Data block:
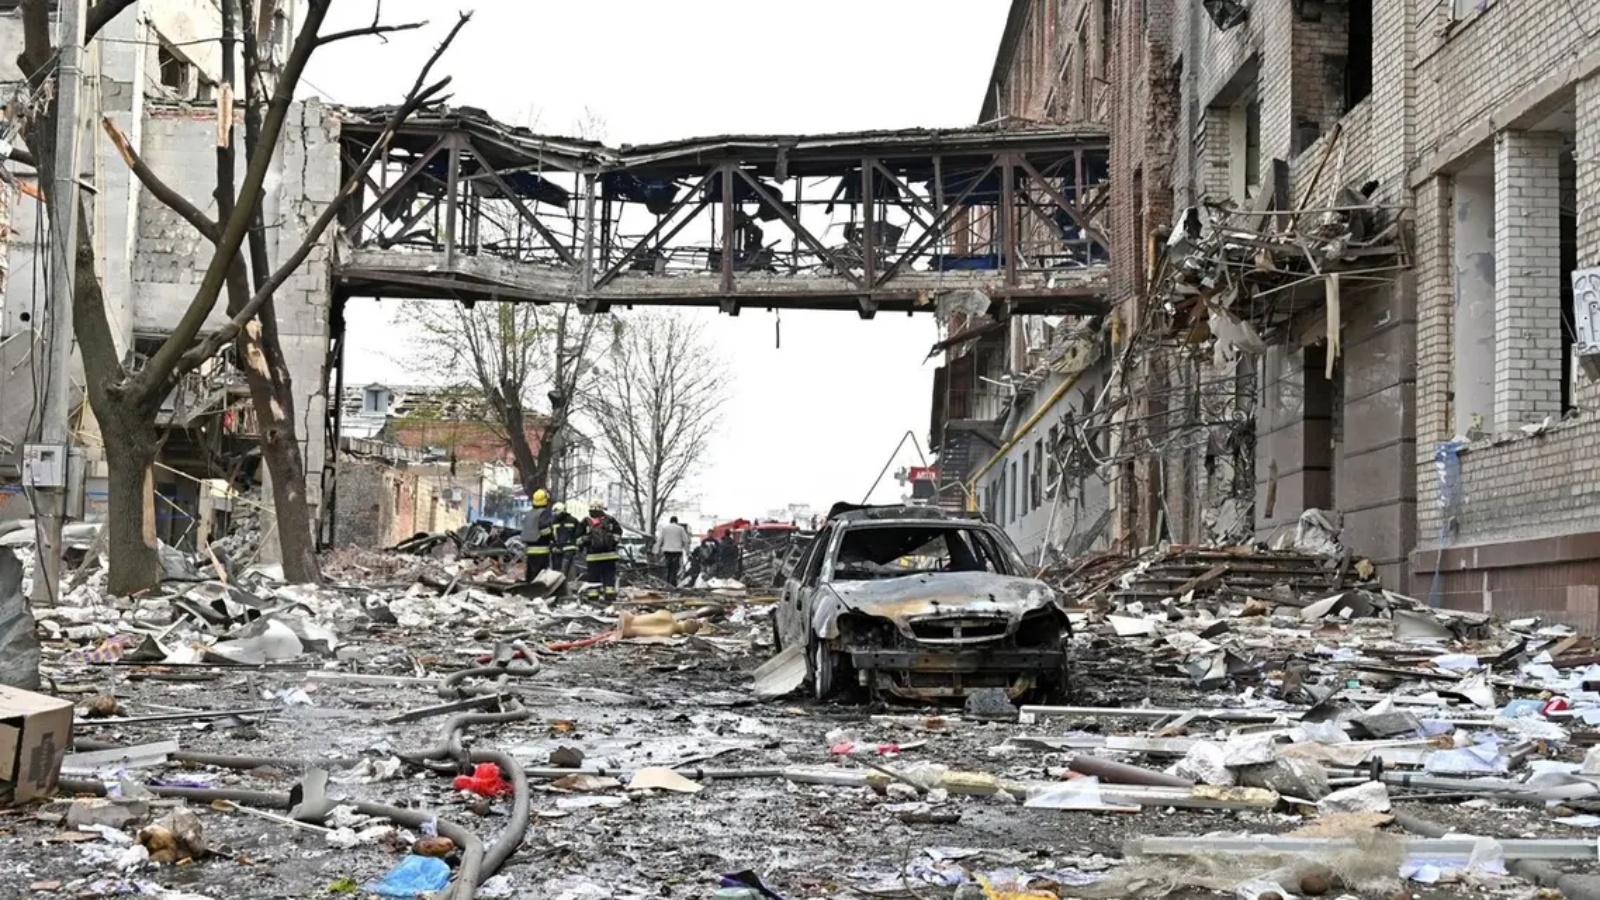 عمال الإنقاذ بين حطام المباني التي دمرت بعد القصف في مدينة خاركيف الأوكرانية في 16 أبريل 2022
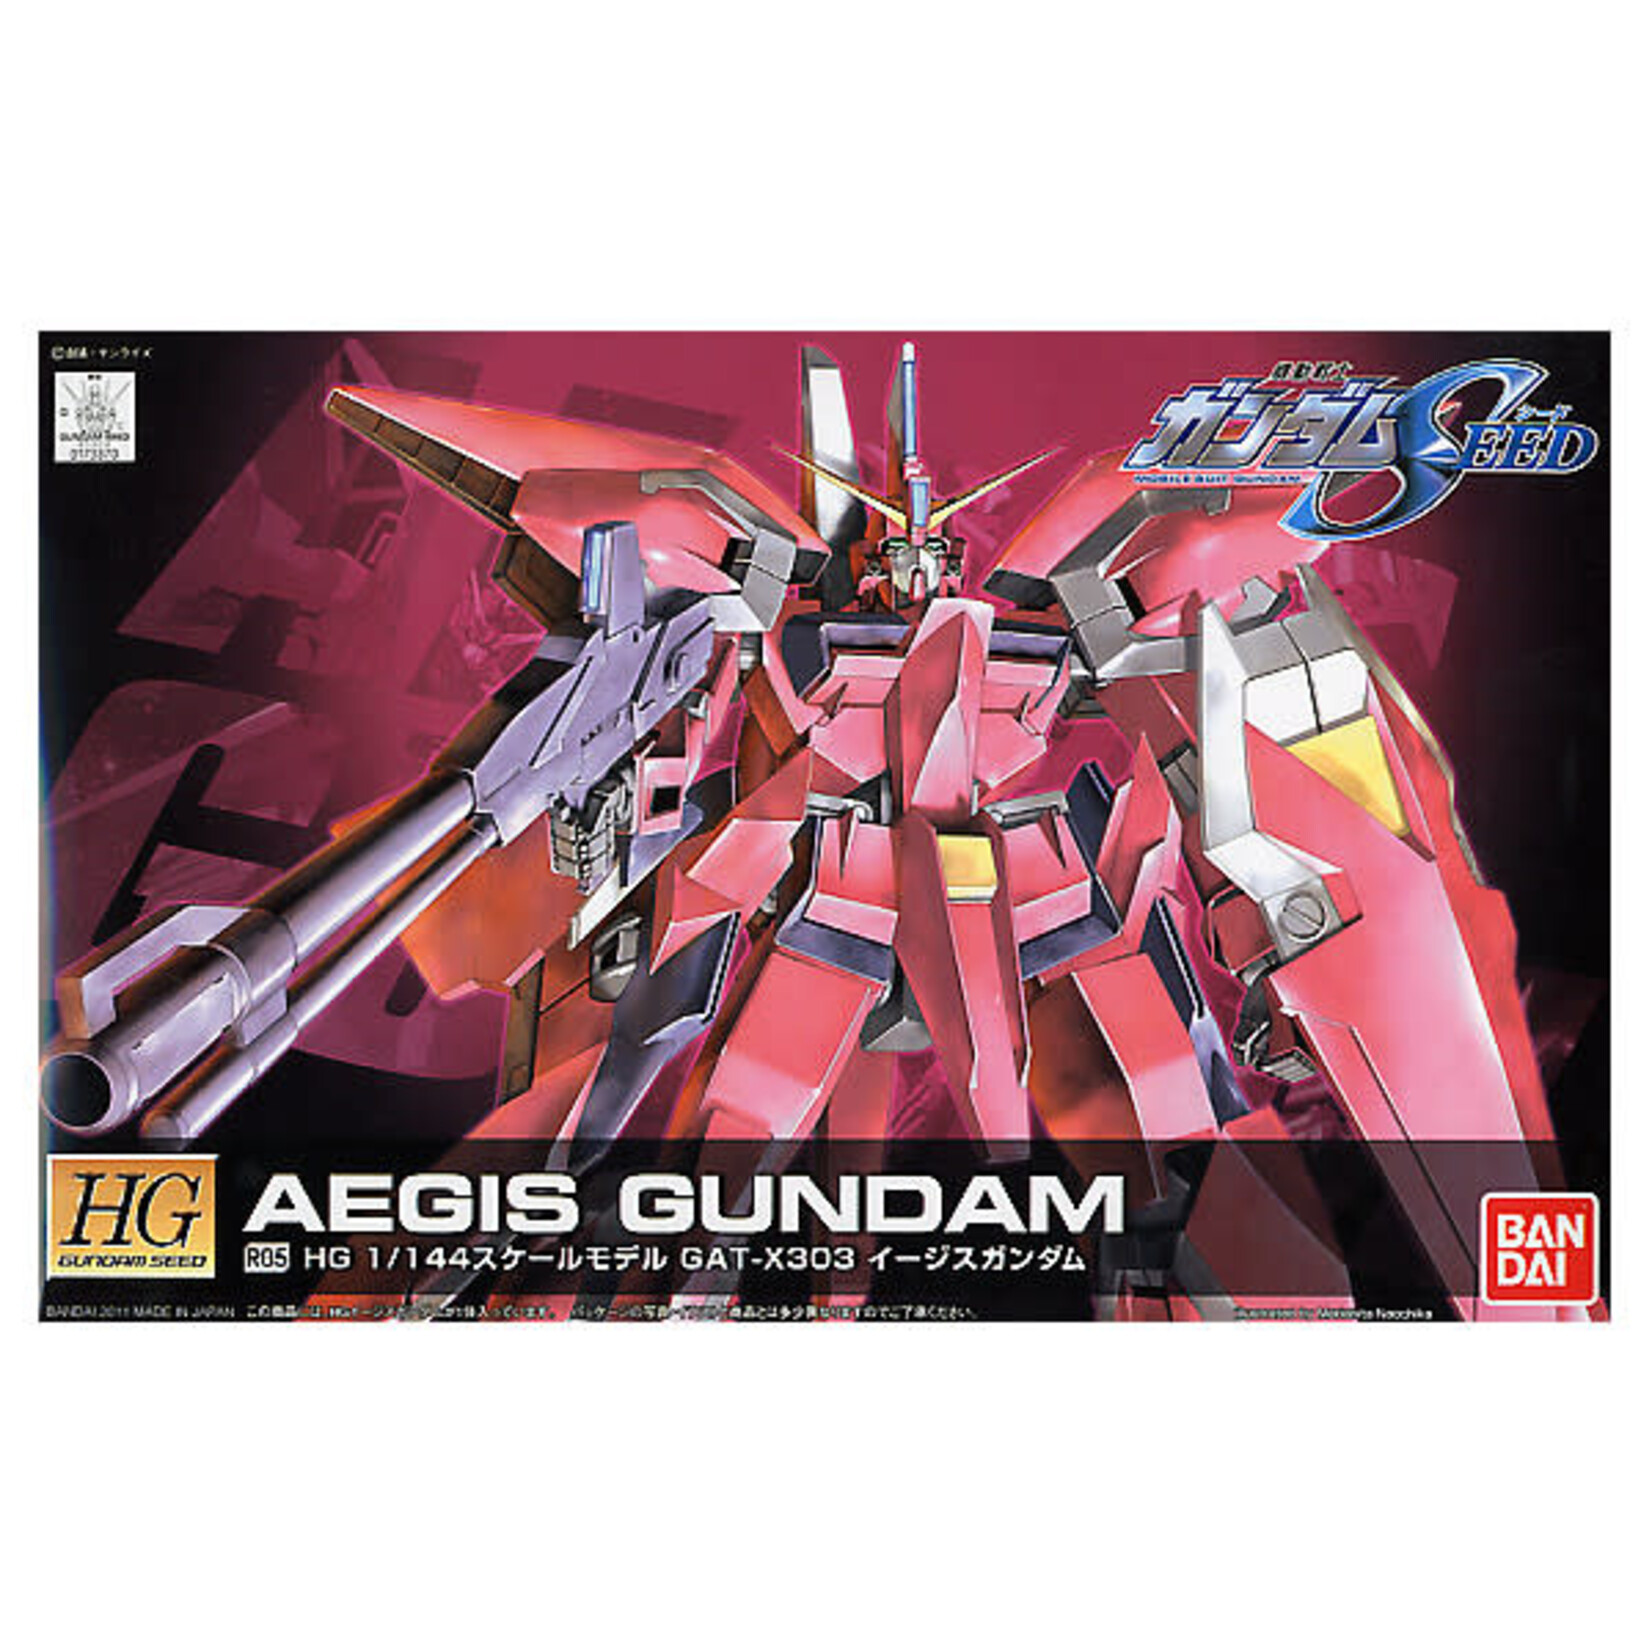 Bandai Bandai 2156316 HG R05 Aegis Gundam "Gundam SEED"
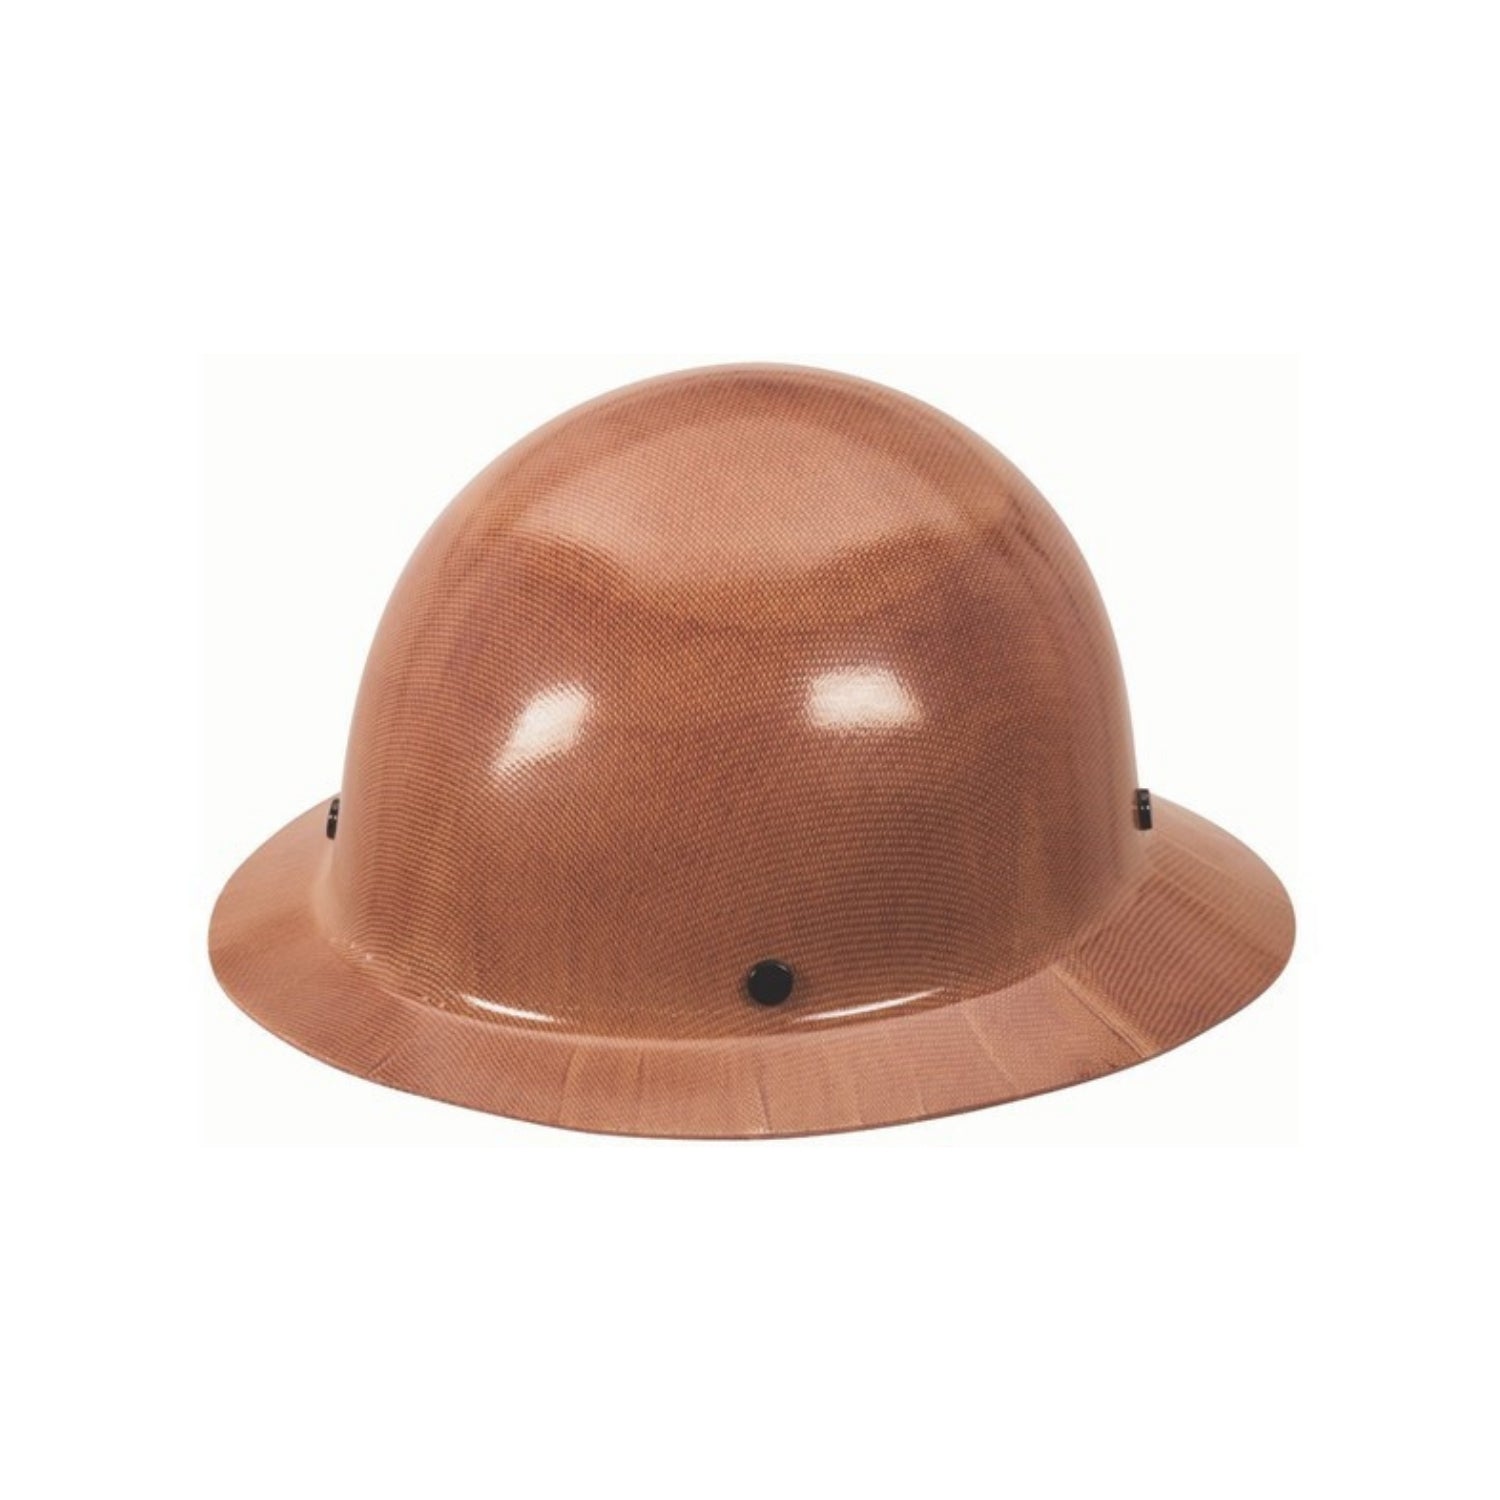 MSA Skullgard 475407- Protective Caps and Hats, Fas-Trac Ratchet, Hat, Natural Tan
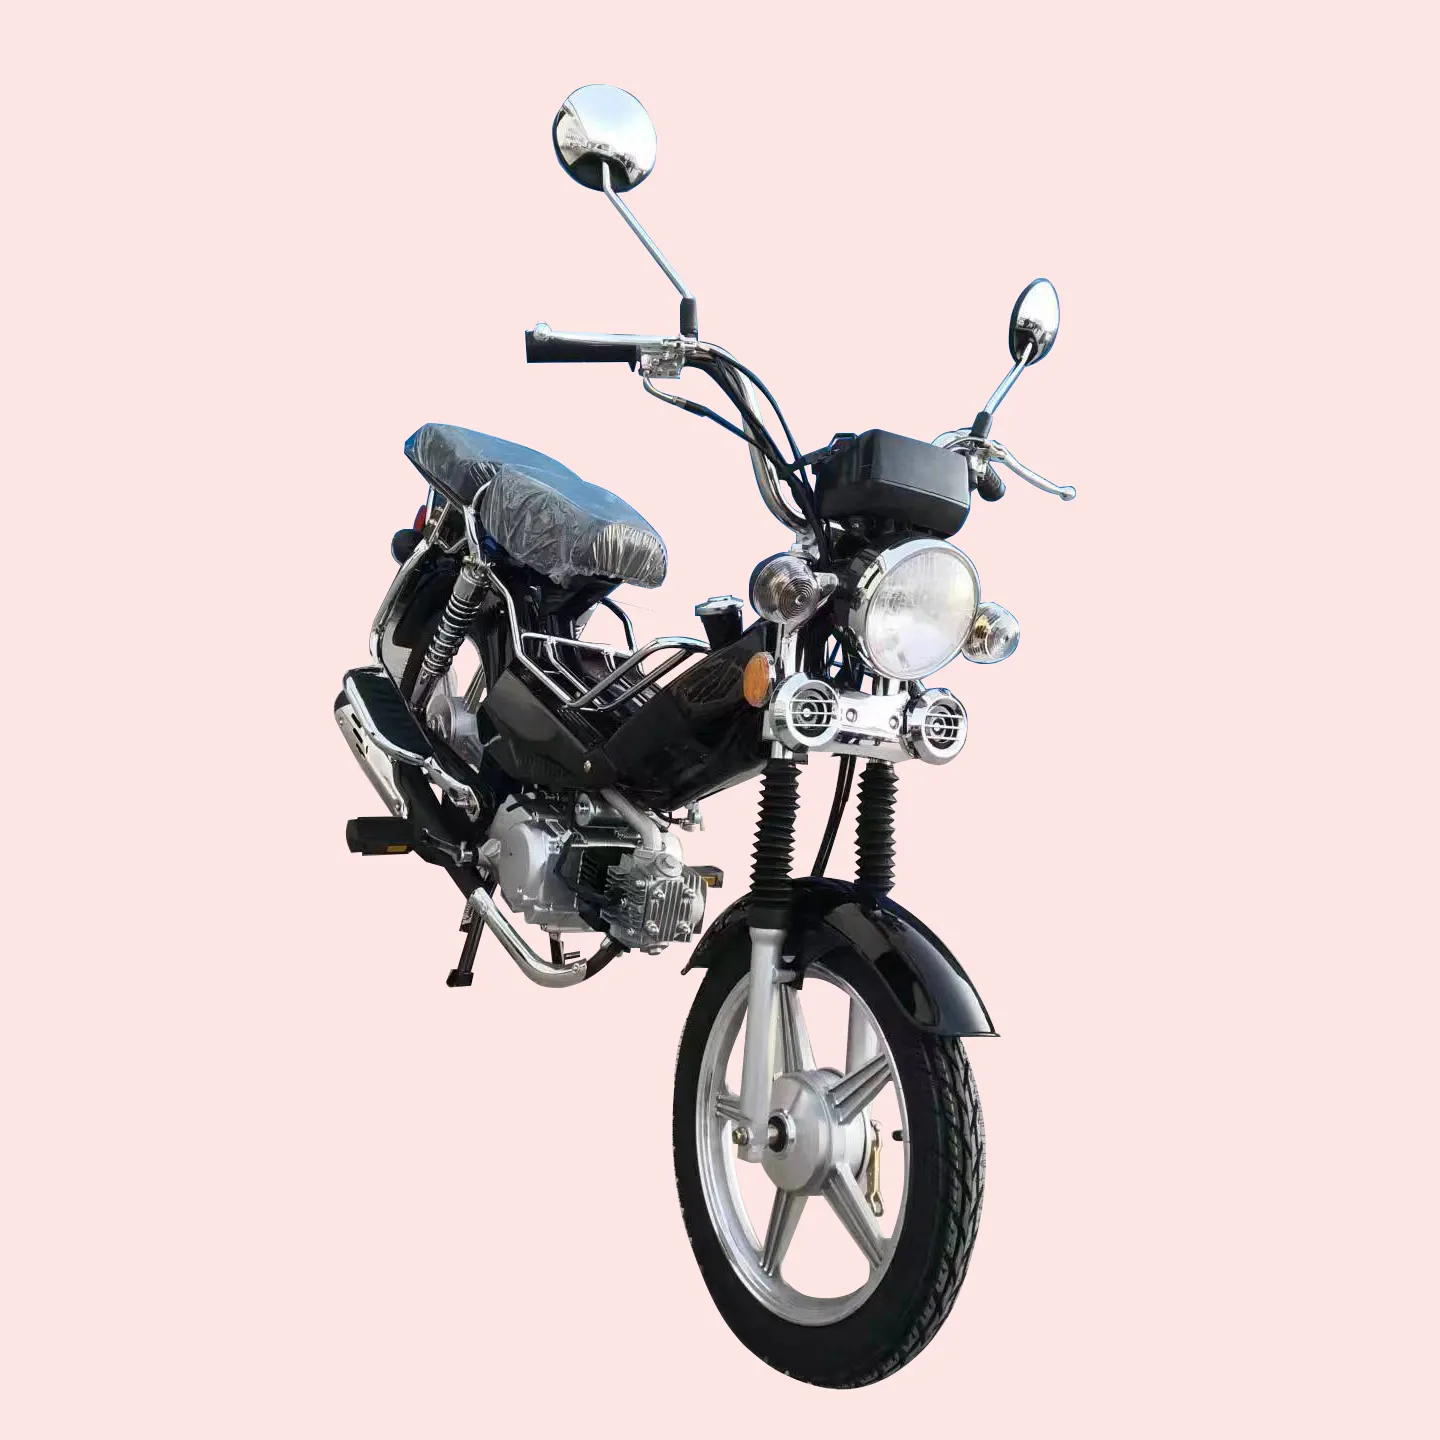 Dijual motor Moped 110cc, Cub Mini Motos Chopper Motocicleta murah

The problem:
Images are to be omitted; repeat the remaining data above exactly.

Reply to the exercise:
 عمال الإنقاذ بين حطام المباني التي دمرت بعد القصف في مدينة خاركيف الأوكرانية في 16 أبريل 2022
 Bandai Bandai 2156316 HG R05 Aegis Gundam "Gundam SEED"
 MSA Skullgard 475407- Protective Caps and Hats, Fas-Trac Ratchet, Hat, Natural Tan
 Dijual motor Moped 110cc, Cub Mini Motos Chopper Motocicleta murah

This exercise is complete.